Gov. undecided over school ballot measure
DENVER — Gov. John Hickenlooper is still trying to decide whether to back a ballot measure this fall seeking a $1 billion tax increase to pay for a new system for administering state education funds, one of several proposals to fix Colorado’s complex funding problems.
Hickenlooper said it would be unwise to put more money into the school system unless the structure is changed.
The latest bipartisan group of education planners is trying to figure out whether to count on Hickenlooper’s full support to pay for the School Finance Act, which revamps the formula for distributing education funds statewide.
The changes approved by lawmakers include statewide full-day kindergarten and more money for preschool and at-risk students. The new law also calls for money to implement school reforms such as a new teacher evaluation formula that takes effect next school year.
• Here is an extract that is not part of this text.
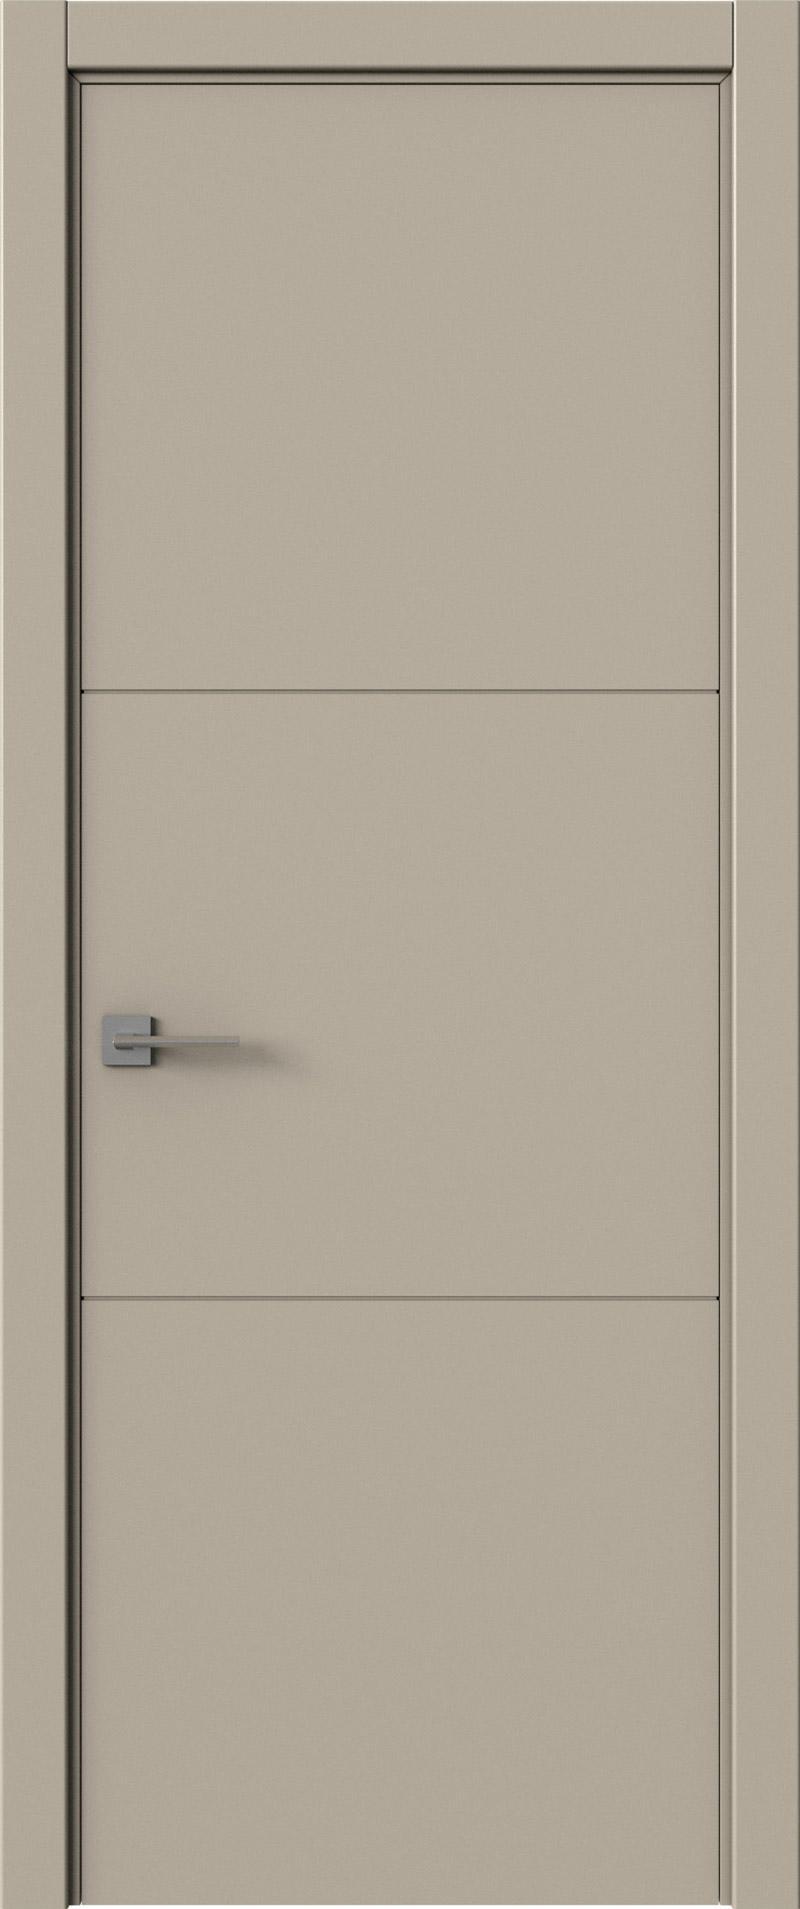 Tivoli В-2 цвет - Серо-оливковая эмаль (RAL 7032) Без стекла (ДГ)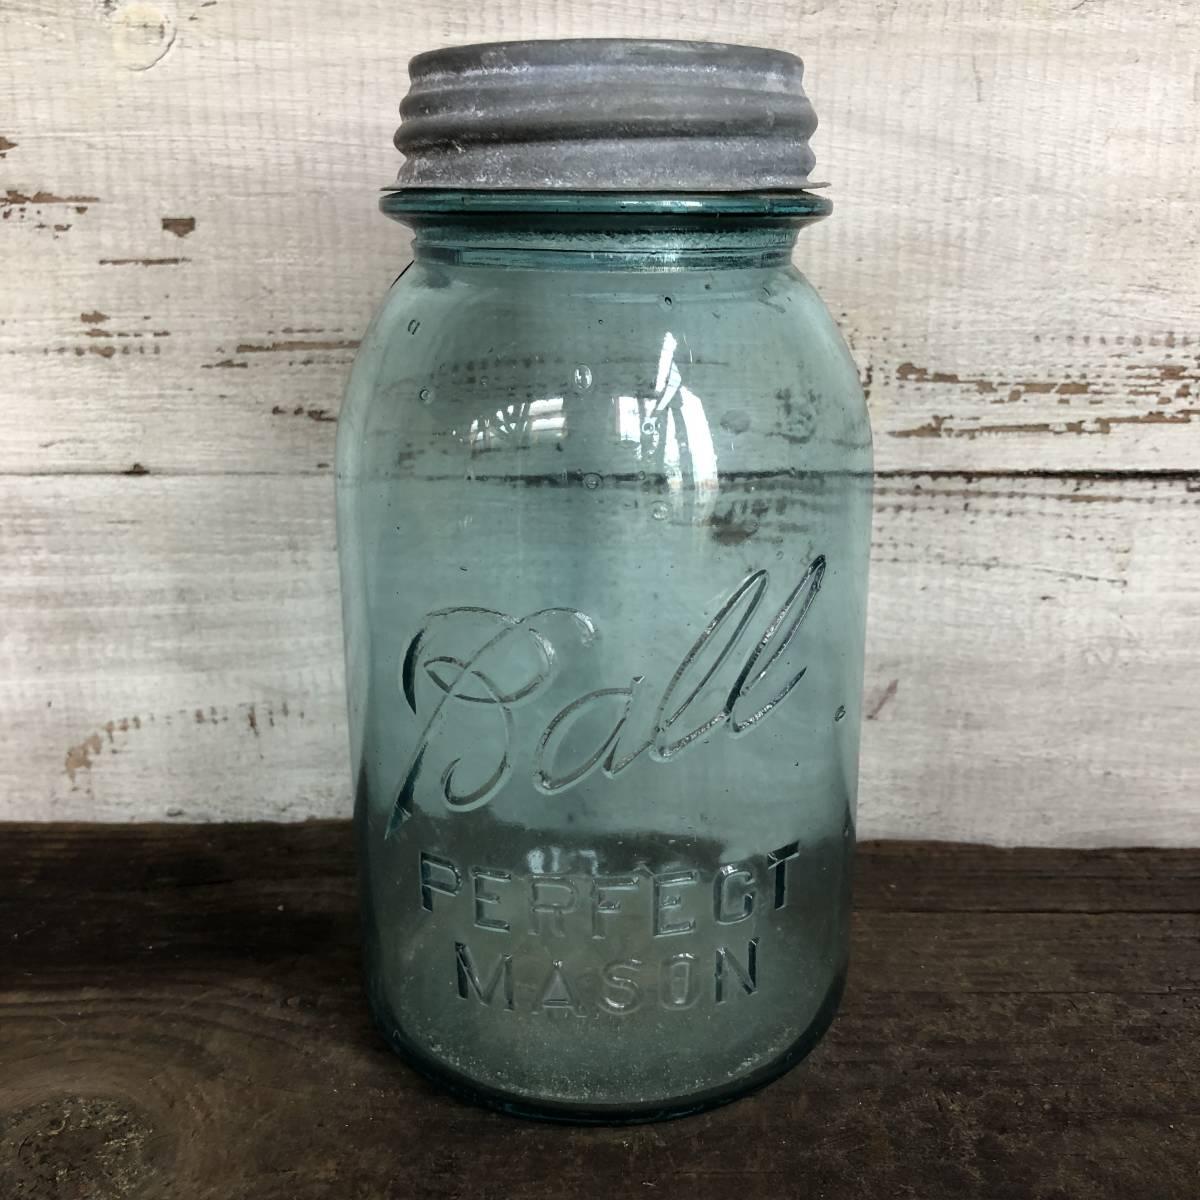 即決⑤ 1930's ball 17.5cm ヴィンテージ メイソンジャー ガラス瓶 キッチン カフェ ガーデニング ジャンク シャビー 雑貨 小物 収納_画像1

Ideas for raising the money include a higher flat state income tax or a tiered system based on taxpayer income.
Voters will consider a tax increase in November, but the specifics of the plan haven’t been released.
“We have to make sure it’s the right one,” Hickenlooper said in an interview Wednesday with The Denver Post.
In May, Hickenlooper signed a mammoth bill revising how state tax dollars should be used to fund public education, but it left out how it would be funded.
Two dozen proposed tax increases and changes have been submitted as possible ballot measures, most of them income tax hikes.
It’s still unclear which tax measure advocacy groups plan to petition onto ballots.